Trump has been comfortable allying closely with leaders with poor human rights records, including in Egypt and Saudi Arabia.
Chairman of the US-Sudan Business Council, Ihab Osman said Washington’s pressure on the military council would be crucial for Sudan’s peace process.
“We are not asking the United States to do the heavy lifting, or bankroll Sudan, but we need it to send the right signals,” Osman said.
After months of widespread popular protests, the military on overthrew Bashir - just shy of 30 years in power - and set up a military council which it says will rule the country for the next two years.
Since the toppling of the long-saving President Omar al-Bashir on 11 April, the country's junta has been shaken by radical and swift changes, sometimes with concessions to protesters' demands.
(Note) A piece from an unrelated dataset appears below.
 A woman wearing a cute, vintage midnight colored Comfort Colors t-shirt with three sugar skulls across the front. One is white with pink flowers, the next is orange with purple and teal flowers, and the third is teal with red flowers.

Lieutenant General Awad Ibn Auf took the oath to become the head of the council on 12 April, but only to resign one day after amid mass protests calling for a civilian-led transitional administration.
The general was replaced by Lieutenant General Abdel Fattah al-Burhan, who vowed on Saturday to "uproot [al-Bashir's] regime", free detained protesters and hold talks with all political parties and groups that took part in the protests.
In the wake of this swift changes, Sudan's military council on Sunday announced a raft of concessions in effort to appease protesters calling for a civilian-led transition.
Shams Eldin Kabashi, the council's spokesman, vowed on Sunday to reform the feared National Intelligence and Security Service (NISS), one of the key demands from the political parties and movements that led the months-long protests.
In the midst of the tug of war between the generals and protesters who refused to leave the street until they see more concession, the country's foreign ministry urged on Sunday the international community to back the country's new military rulers to help "democratic transition".